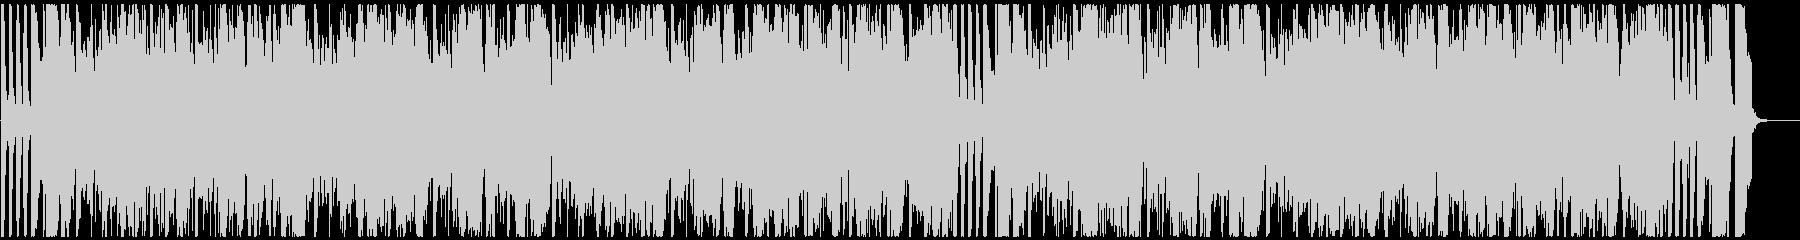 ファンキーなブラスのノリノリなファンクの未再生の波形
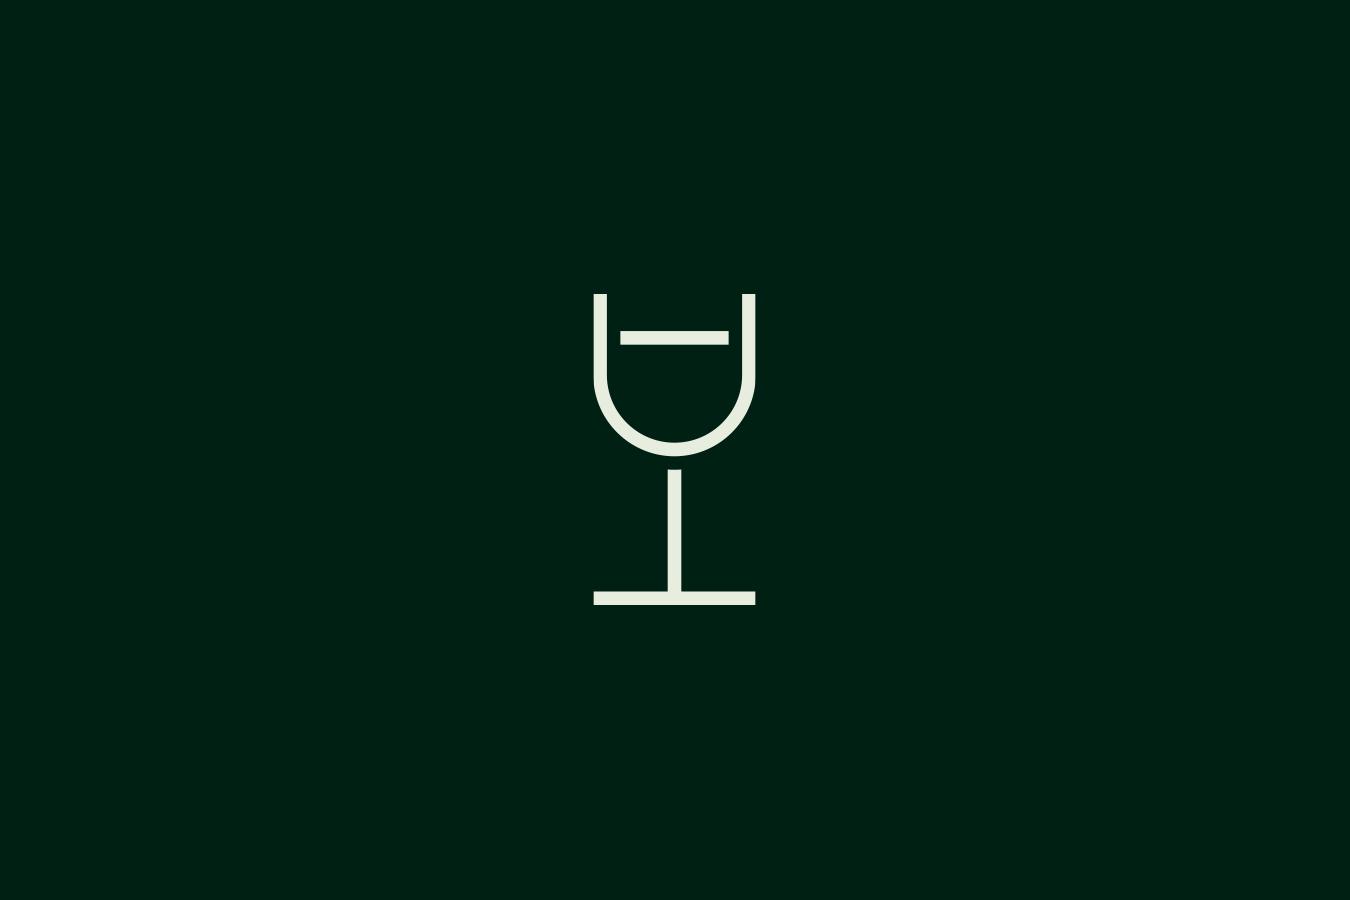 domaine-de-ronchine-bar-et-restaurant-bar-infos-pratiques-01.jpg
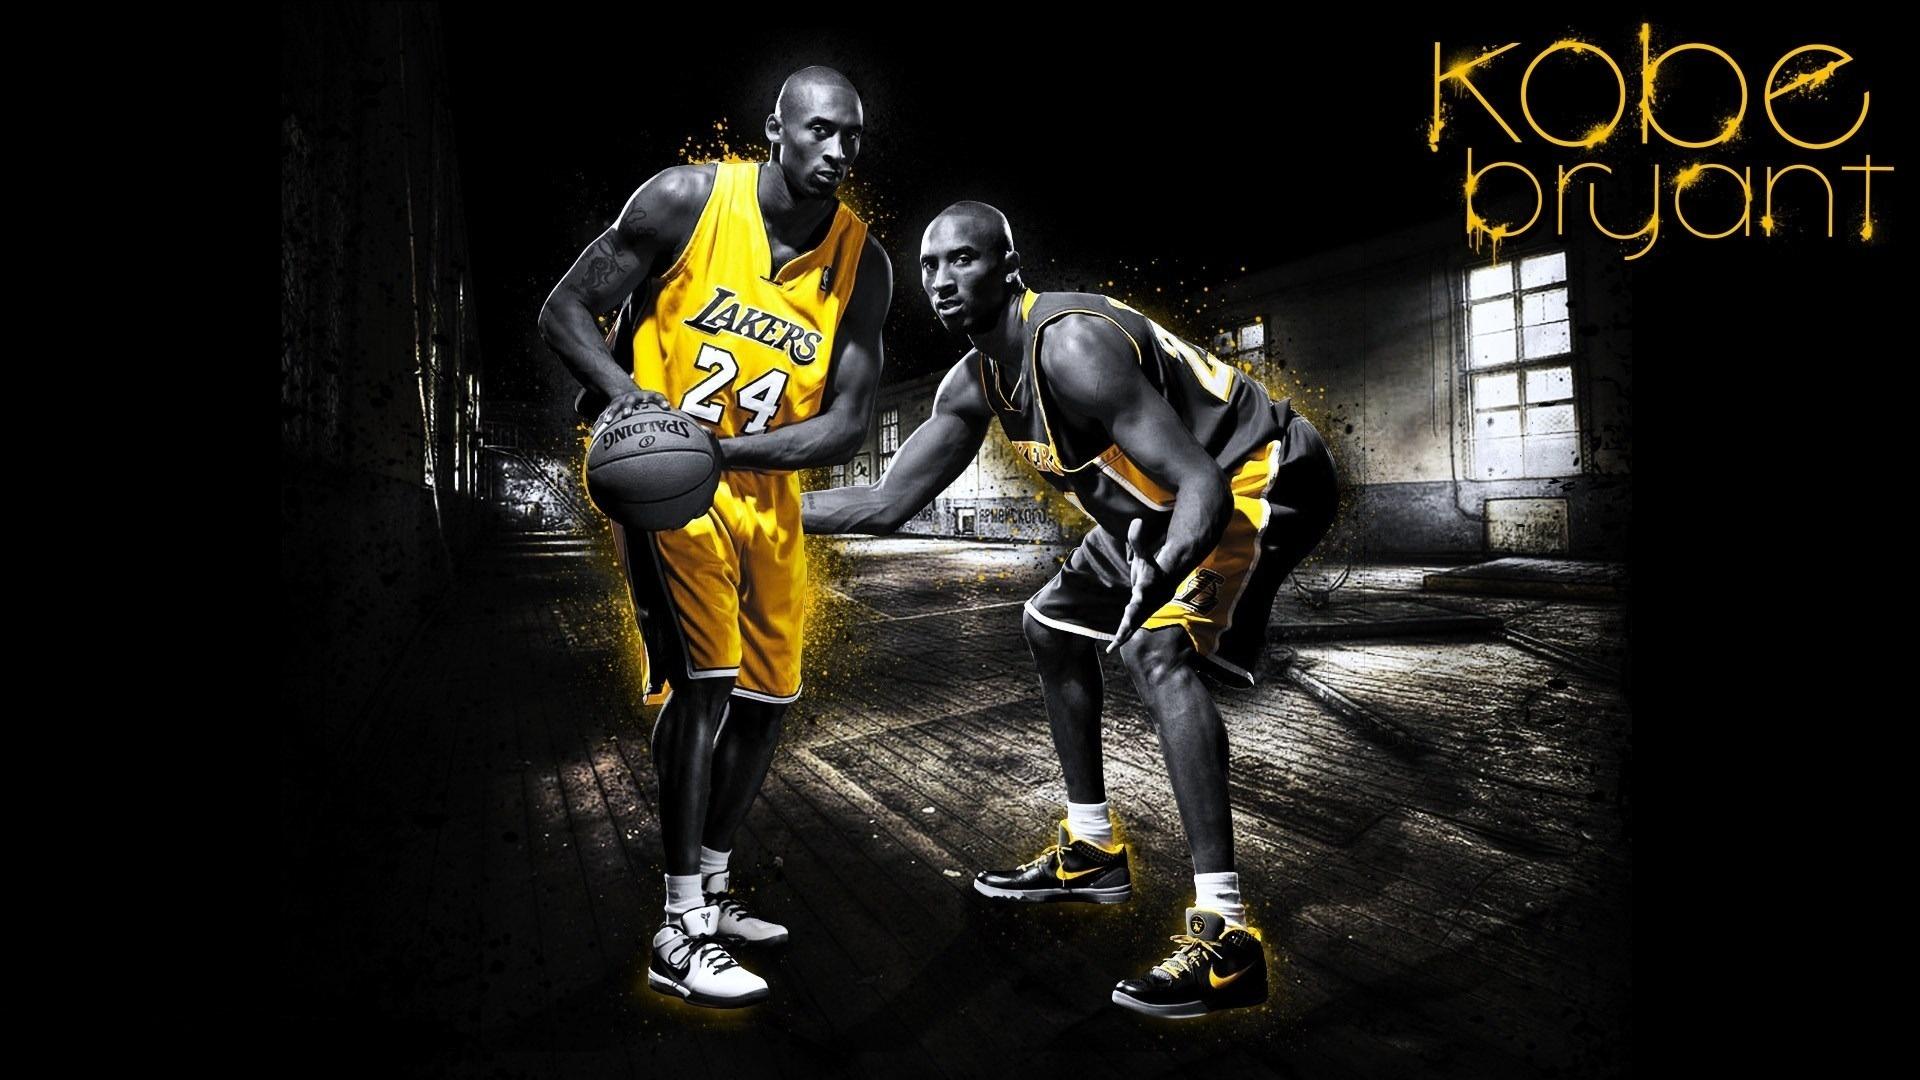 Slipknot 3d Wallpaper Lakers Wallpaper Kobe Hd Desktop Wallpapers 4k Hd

Exercise
Give the data again exactly as it appears, but without any images.

Result
 ファンキーなブラスのノリノリなファンクの未再生の波形
 domaine-de-ronchine-bar-et-restaurant-bar-infos-pratiques-01.jpg
 Slipknot 3d Wallpaper Lakers Wallpaper Kobe Hd Desktop Wallpapers 4k Hd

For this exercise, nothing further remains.